Import the required libraries

import random

import cv2
from matplotlib import pyplot as plt

import albumentations as A

Define the visualization function

def visualize(image):
    # Divide all values by 65535 so we can display the image using matplotlib
    image = image / 65535
    plt.figure(figsize=(10, 10))
    plt.axis('off')
    plt.imshow(image)

Read the 16-bit TIFF image from the disk

# The image is taken from http://www.brucelindbloom.com/index.html?ReferenceImages.html
# © Bruce Justin Lindbloom
image = cv2.imread('images/DeltaE_16bit_gamma2.2.tif', cv2.IMREAD_UNCHANGED)
image = cv2.cvtColor(image, cv2.COLOR_BGR2RGB)
visualize(image)

Note: OpenCV may read incorrectly some TIFF files. Consider using tifffile - https://github.com/blink1073/tifffile

Define an augmentation pipeline that works with 16-bit TIFF images

Under the hood, Albumentations supports two data types that describe the intensity of pixels: - np.uint8, an unsigned 8-bit integer that can define values between 0 and 255. - np.float32, a floating-point number with single precision. For np.float32 input, Albumentations expects that value will lie in the range between 0.0 and 1.0.

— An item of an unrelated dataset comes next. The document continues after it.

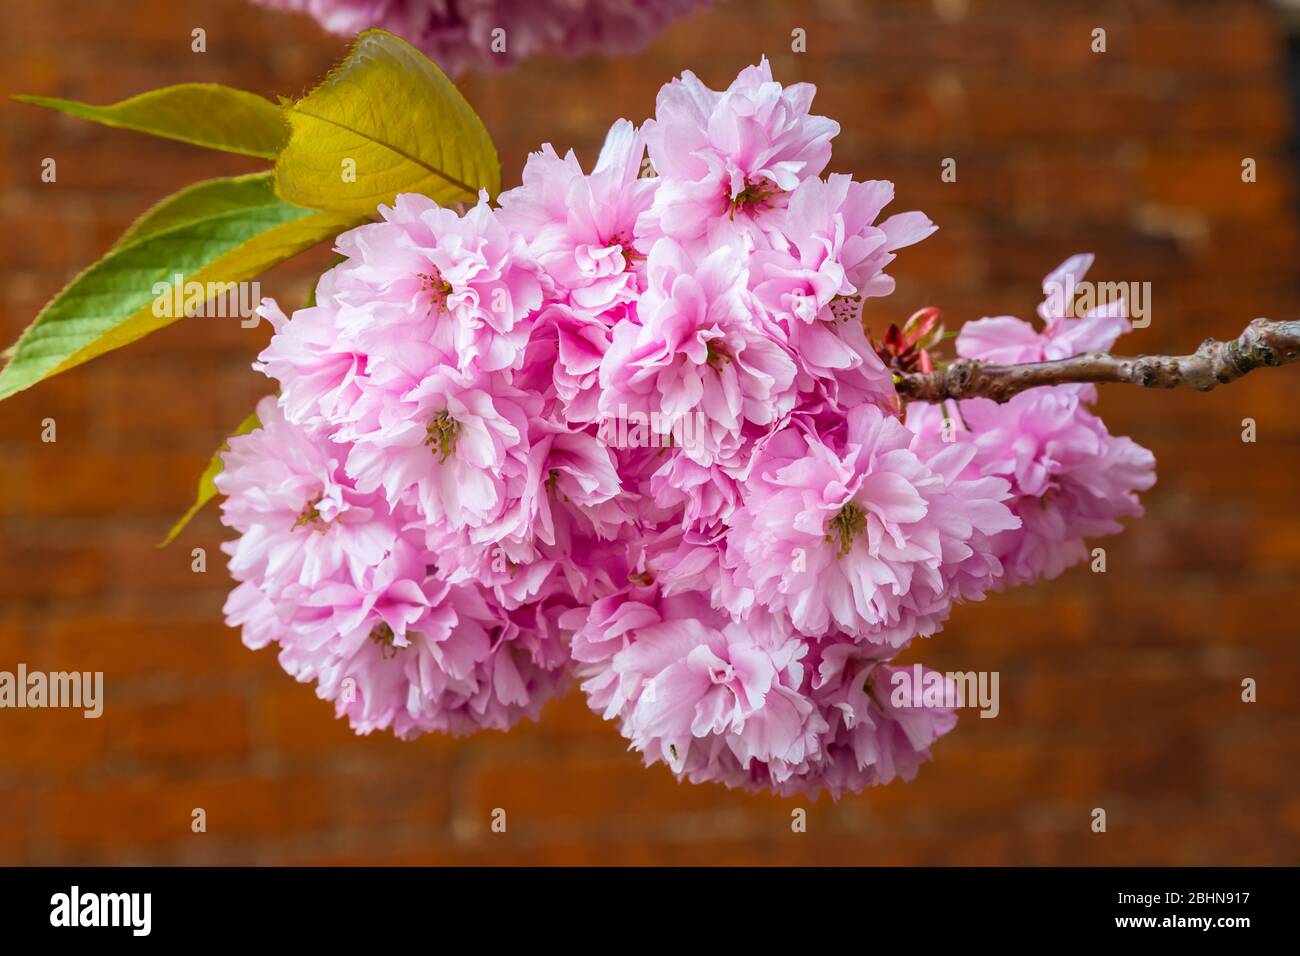 Primo piano di fiori di ciliegia rosa, un fiore di molti alberi del genere Prunus. La specie più nota è la ciliegia giapponese, Prunus serrulata. Foto Stock
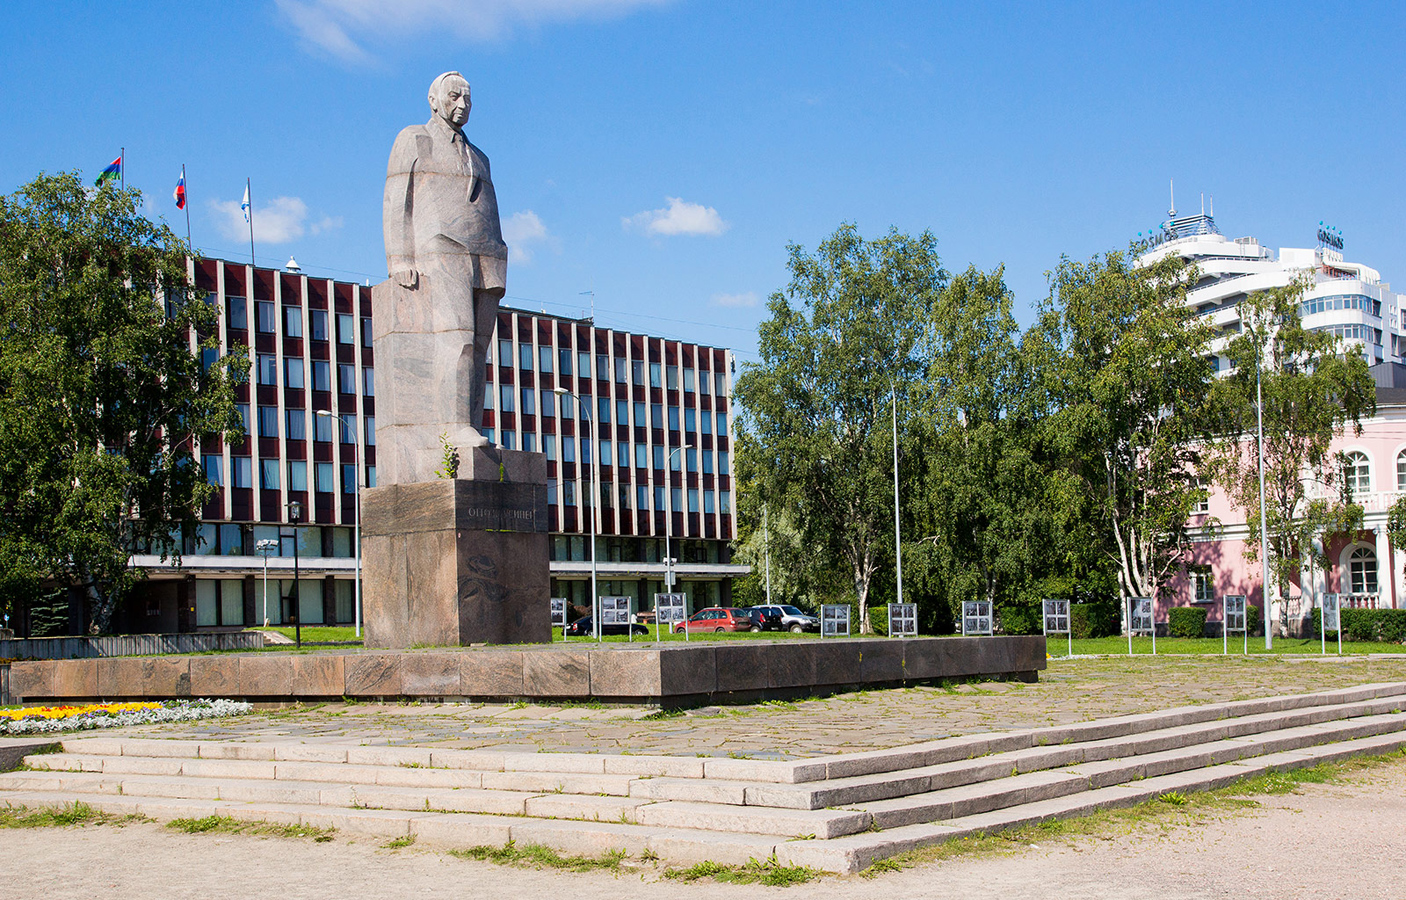 2019. Monument to Kuusinen in Petrozavodsk

Albumentations has a dedicated transformation called ToFloat that takes a NumPy array with data types such as np.uint16, np.uint32, etc. (so any datatype that used values higher than 255 to represent pixel intensity) and converts it to a NumPy array with the np.float32 datatype. Additionally, this transformation divides all input values to lie in the range [0.0, 1.0]. By default, if the input data type is np.uint16, all values are divided by 65536, and if the input data type is np.uint32, all values are divided by 4294967295. You can specify your divider in the max_value parameter.

The augmentation pipeline for non-8-bit images consists of the following stages:

  • First, you use the ToFloat transform to convert an input image to float32. All values in the converted image will lie in the range [0.0, 1.0].
  • Then you use all the necessary image transforms.
  • Optionally you could use the FromFloat transform at the end of the augmentation pipeline to convert the image back to its original data type.
transform = A.Compose([
    A.ToFloat(max_value=65535.0),

    A.RandomRotate90(),
    A.Flip(),
    A.OneOf([
        A.MotionBlur(p=0.2),
        A.MedianBlur(blur_limit=3, p=0.1),
        A.Blur(blur_limit=3, p=0.1),
    ], p=0.2),
    A.ShiftScaleRotate(shift_limit=0.0625, scale_limit=0.2, rotate_limit=45, p=0.2),
    A.OneOf([
        A.OpticalDistortion(p=0.3),
        A.GridDistortion(p=0.1),
    ], p=0.2),        
    A.HueSaturationValue(hue_shift_limit=20, sat_shift_limit=0.1, val_shift_limit=0.1, p=0.3),

    A.FromFloat(max_value=65535.0),
])

We fix the random seed for visualization purposes, so the augmentation will always produce the same result. In a real computer vision pipeline, you shouldn't fix the random seed before applying a transform to the image because, in that case, the pipeline will always output the same image. The purpose of image augmentation is to use different transformations each time.

random.seed(7)
augmented = transform(image=image)
visualize(augmented['image'])